● **Activity**: Each entry below is to be extracted exactly.

Data extracted from a collection:
%%
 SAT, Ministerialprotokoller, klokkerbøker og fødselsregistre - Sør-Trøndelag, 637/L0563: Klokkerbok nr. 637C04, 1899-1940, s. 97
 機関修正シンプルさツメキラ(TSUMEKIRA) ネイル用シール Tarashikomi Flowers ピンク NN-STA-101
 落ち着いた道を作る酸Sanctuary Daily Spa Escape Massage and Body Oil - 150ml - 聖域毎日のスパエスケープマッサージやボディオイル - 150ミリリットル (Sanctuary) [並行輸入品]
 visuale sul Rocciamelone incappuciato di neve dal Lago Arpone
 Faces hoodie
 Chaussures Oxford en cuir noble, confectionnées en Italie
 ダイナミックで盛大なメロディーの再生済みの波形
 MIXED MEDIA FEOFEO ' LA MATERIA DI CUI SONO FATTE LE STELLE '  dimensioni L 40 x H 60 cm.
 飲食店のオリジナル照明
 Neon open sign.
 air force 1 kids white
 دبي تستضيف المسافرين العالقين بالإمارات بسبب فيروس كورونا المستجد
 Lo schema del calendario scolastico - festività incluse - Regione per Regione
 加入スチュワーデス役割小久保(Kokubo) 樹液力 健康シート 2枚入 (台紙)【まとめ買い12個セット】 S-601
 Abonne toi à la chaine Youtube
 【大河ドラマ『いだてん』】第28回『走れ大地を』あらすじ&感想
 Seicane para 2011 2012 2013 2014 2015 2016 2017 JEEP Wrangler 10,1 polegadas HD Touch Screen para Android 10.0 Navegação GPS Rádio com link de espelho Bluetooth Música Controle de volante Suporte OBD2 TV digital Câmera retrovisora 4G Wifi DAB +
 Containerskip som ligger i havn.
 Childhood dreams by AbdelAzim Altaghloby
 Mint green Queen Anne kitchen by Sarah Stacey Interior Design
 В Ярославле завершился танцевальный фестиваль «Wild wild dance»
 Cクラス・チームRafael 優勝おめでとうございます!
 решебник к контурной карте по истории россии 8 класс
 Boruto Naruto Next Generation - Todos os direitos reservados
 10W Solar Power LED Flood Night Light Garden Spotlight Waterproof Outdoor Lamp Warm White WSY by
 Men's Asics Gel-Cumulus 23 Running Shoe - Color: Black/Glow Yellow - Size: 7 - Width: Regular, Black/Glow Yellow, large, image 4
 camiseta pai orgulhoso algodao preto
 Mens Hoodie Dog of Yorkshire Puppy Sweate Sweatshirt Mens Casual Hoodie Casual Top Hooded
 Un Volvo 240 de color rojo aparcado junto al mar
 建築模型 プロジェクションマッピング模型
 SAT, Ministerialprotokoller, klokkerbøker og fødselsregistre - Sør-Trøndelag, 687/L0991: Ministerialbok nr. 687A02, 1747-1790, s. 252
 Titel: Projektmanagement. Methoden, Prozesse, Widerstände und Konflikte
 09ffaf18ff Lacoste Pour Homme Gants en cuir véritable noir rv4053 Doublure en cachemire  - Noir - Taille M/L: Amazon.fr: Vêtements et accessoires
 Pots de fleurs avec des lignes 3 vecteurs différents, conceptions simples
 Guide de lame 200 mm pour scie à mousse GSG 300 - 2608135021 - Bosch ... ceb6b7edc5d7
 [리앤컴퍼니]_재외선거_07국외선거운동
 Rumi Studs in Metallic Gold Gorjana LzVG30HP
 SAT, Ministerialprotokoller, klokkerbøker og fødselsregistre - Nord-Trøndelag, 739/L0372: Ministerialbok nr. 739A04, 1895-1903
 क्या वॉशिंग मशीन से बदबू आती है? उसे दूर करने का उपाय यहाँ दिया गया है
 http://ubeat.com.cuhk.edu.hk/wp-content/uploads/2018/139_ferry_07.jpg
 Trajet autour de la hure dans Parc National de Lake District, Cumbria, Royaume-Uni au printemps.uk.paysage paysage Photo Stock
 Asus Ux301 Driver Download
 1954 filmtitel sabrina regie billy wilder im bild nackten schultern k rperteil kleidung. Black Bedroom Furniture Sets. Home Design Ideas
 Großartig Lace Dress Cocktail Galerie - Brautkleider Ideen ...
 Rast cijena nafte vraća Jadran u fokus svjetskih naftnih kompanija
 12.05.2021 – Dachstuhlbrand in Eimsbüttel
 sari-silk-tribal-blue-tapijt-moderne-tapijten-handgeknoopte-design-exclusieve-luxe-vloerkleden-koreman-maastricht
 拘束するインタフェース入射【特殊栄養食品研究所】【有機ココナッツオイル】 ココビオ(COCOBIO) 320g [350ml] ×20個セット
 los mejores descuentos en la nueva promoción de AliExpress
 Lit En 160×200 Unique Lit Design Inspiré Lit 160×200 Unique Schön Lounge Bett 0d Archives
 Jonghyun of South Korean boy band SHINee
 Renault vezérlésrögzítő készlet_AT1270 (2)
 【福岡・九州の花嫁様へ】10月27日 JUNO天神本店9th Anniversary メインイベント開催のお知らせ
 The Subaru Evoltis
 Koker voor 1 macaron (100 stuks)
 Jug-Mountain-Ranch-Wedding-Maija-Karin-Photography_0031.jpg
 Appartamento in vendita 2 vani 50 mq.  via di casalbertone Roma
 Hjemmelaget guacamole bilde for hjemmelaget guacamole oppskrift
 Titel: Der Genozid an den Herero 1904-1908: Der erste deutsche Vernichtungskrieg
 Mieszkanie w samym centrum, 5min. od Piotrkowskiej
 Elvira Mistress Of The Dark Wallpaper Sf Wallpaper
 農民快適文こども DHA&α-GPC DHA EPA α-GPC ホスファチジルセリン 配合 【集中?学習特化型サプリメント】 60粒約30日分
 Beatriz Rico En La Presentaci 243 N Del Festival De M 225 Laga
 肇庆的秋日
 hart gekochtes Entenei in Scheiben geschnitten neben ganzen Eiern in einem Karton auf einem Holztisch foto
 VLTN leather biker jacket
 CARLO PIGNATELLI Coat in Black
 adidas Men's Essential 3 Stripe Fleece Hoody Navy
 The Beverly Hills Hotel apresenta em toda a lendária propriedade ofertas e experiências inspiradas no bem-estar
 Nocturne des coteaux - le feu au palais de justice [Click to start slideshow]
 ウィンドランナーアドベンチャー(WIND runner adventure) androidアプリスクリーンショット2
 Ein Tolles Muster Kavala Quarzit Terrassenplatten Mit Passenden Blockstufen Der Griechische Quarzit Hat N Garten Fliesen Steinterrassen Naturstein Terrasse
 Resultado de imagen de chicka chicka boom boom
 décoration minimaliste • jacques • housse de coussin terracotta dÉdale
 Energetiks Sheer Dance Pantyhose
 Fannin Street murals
%%
● **Solution to this exercise**:
 SAT, Ministerialprotokoller, klokkerbøker og fødselsregistre - Sør-Trøndelag, 637/L0563: Klokkerbok nr. 637C04, 1899-1940, s. 97
 機関修正シンプルさツメキラ(TSUMEKIRA) ネイル用シール Tarashikomi Flowers ピンク NN-STA-101
 落ち着いた道を作る酸Sanctuary Daily Spa Escape Massage and Body Oil - 150ml - 聖域毎日のスパエスケープマッサージやボディオイル - 150ミリリットル (Sanctuary) [並行輸入品]
 visuale sul Rocciamelone incappuciato di neve dal Lago Arpone
 Faces hoodie
 Chaussures Oxford en cuir noble, confectionnées en Italie
 ダイナミックで盛大なメロディーの再生済みの波形
 MIXED MEDIA FEOFEO ' LA MATERIA DI CUI SONO FATTE LE STELLE '  dimensioni L 40 x H 60 cm.
 飲食店のオリジナル照明
 Neon open sign.
 air force 1 kids white
 دبي تستضيف المسافرين العالقين بالإمارات بسبب فيروس كورونا المستجد
 Lo schema del calendario scolastico - festività incluse - Regione per Regione
 加入スチュワーデス役割小久保(Kokubo) 樹液力 健康シート 2枚入 (台紙)【まとめ買い12個セット】 S-601
 Abonne toi à la chaine Youtube
 【大河ドラマ『いだてん』】第28回『走れ大地を』あらすじ&感想
 Seicane para 2011 2012 2013 2014 2015 2016 2017 JEEP Wrangler 10,1 polegadas HD Touch Screen para Android 10.0 Navegação GPS Rádio com link de espelho Bluetooth Música Controle de volante Suporte OBD2 TV digital Câmera retrovisora 4G Wifi DAB +
 Containerskip som ligger i havn.
 Childhood dreams by AbdelAzim Altaghloby
 Mint green Queen Anne kitchen by Sarah Stacey Interior Design
 В Ярославле завершился танцевальный фестиваль «Wild wild dance»
 Cクラス・チームRafael 優勝おめでとうございます!
 решебник к контурной карте по истории россии 8 класс
 Boruto Naruto Next Generation - Todos os direitos reservados
 10W Solar Power LED Flood Night Light Garden Spotlight Waterproof Outdoor Lamp Warm White WSY by
 Men's Asics Gel-Cumulus 23 Running Shoe - Color: Black/Glow Yellow - Size: 7 - Width: Regular, Black/Glow Yellow, large, image 4
 camiseta pai orgulhoso algodao preto
 Mens Hoodie Dog of Yorkshire Puppy Sweate Sweatshirt Mens Casual Hoodie Casual Top Hooded
 Un Volvo 240 de color rojo aparcado junto al mar
 建築模型 プロジェクションマッピング模型
 SAT, Ministerialprotokoller, klokkerbøker og fødselsregistre - Sør-Trøndelag, 687/L0991: Ministerialbok nr. 687A02, 1747-1790, s. 252
 Titel: Projektmanagement. Methoden, Prozesse, Widerstände und Konflikte
 09ffaf18ff Lacoste Pour Homme Gants en cuir véritable noir rv4053 Doublure en cachemire  - Noir - Taille M/L: Amazon.fr: Vêtements et accessoires
 Pots de fleurs avec des lignes 3 vecteurs différents, conceptions simples
 Guide de lame 200 mm pour scie à mousse GSG 300 - 2608135021 - Bosch ... ceb6b7edc5d7
 [리앤컴퍼니]_재외선거_07국외선거운동
 Rumi Studs in Metallic Gold Gorjana LzVG30HP
 SAT, Ministerialprotokoller, klokkerbøker og fødselsregistre - Nord-Trøndelag, 739/L0372: Ministerialbok nr. 739A04, 1895-1903
 क्या वॉशिंग मशीन से बदबू आती है? उसे दूर करने का उपाय यहाँ दिया गया है
 http://ubeat.com.cuhk.edu.hk/wp-content/uploads/2018/139_ferry_07.jpg
 Trajet autour de la hure dans Parc National de Lake District, Cumbria, Royaume-Uni au printemps.uk.paysage paysage Photo Stock
 Asus Ux301 Driver Download
 1954 filmtitel sabrina regie billy wilder im bild nackten schultern k rperteil kleidung. Black Bedroom Furniture Sets. Home Design Ideas
 Großartig Lace Dress Cocktail Galerie - Brautkleider Ideen ...
 Rast cijena nafte vraća Jadran u fokus svjetskih naftnih kompanija
 12.05.2021 – Dachstuhlbrand in Eimsbüttel
 sari-silk-tribal-blue-tapijt-moderne-tapijten-handgeknoopte-design-exclusieve-luxe-vloerkleden-koreman-maastricht
 拘束するインタフェース入射【特殊栄養食品研究所】【有機ココナッツオイル】 ココビオ(COCOBIO) 320g [350ml] ×20個セット
 los mejores descuentos en la nueva promoción de AliExpress
 Lit En 160×200 Unique Lit Design Inspiré Lit 160×200 Unique Schön Lounge Bett 0d Archives
 Jonghyun of South Korean boy band SHINee
 Renault vezérlésrögzítő készlet_AT1270 (2)
 【福岡・九州の花嫁様へ】10月27日 JUNO天神本店9th Anniversary メインイベント開催のお知らせ
 The Subaru Evoltis
 Koker voor 1 macaron (100 stuks)
 Jug-Mountain-Ranch-Wedding-Maija-Karin-Photography_0031.jpg
 Appartamento in vendita 2 vani 50 mq.  via di casalbertone Roma
 Hjemmelaget guacamole bilde for hjemmelaget guacamole oppskrift
 Titel: Der Genozid an den Herero 1904-1908: Der erste deutsche Vernichtungskrieg
 Mieszkanie w samym centrum, 5min. od Piotrkowskiej
 Elvira Mistress Of The Dark Wallpaper Sf Wallpaper
 農民快適文こども DHA&α-GPC DHA EPA α-GPC ホスファチジルセリン 配合 【集中?学習特化型サプリメント】 60粒約30日分
 Beatriz Rico En La Presentaci 243 N Del Festival De M 225 Laga
 肇庆的秋日
 hart gekochtes Entenei in Scheiben geschnitten neben ganzen Eiern in einem Karton auf einem Holztisch foto
 VLTN leather biker jacket
 CARLO PIGNATELLI Coat in Black
 adidas Men's Essential 3 Stripe Fleece Hoody Navy
 The Beverly Hills Hotel apresenta em toda a lendária propriedade ofertas e experiências inspiradas no bem-estar
 Nocturne des coteaux - le feu au palais de justice [Click to start slideshow]
 ウィンドランナーアドベンチャー(WIND runner adventure) androidアプリスクリーンショット2
 Ein Tolles Muster Kavala Quarzit Terrassenplatten Mit Passenden Blockstufen Der Griechische Quarzit Hat N Garten Fliesen Steinterrassen Naturstein Terrasse
 Resultado de imagen de chicka chicka boom boom
 décoration minimaliste • jacques • housse de coussin terracotta dÉdale
 Energetiks Sheer Dance Pantyhose
 Fannin Street murals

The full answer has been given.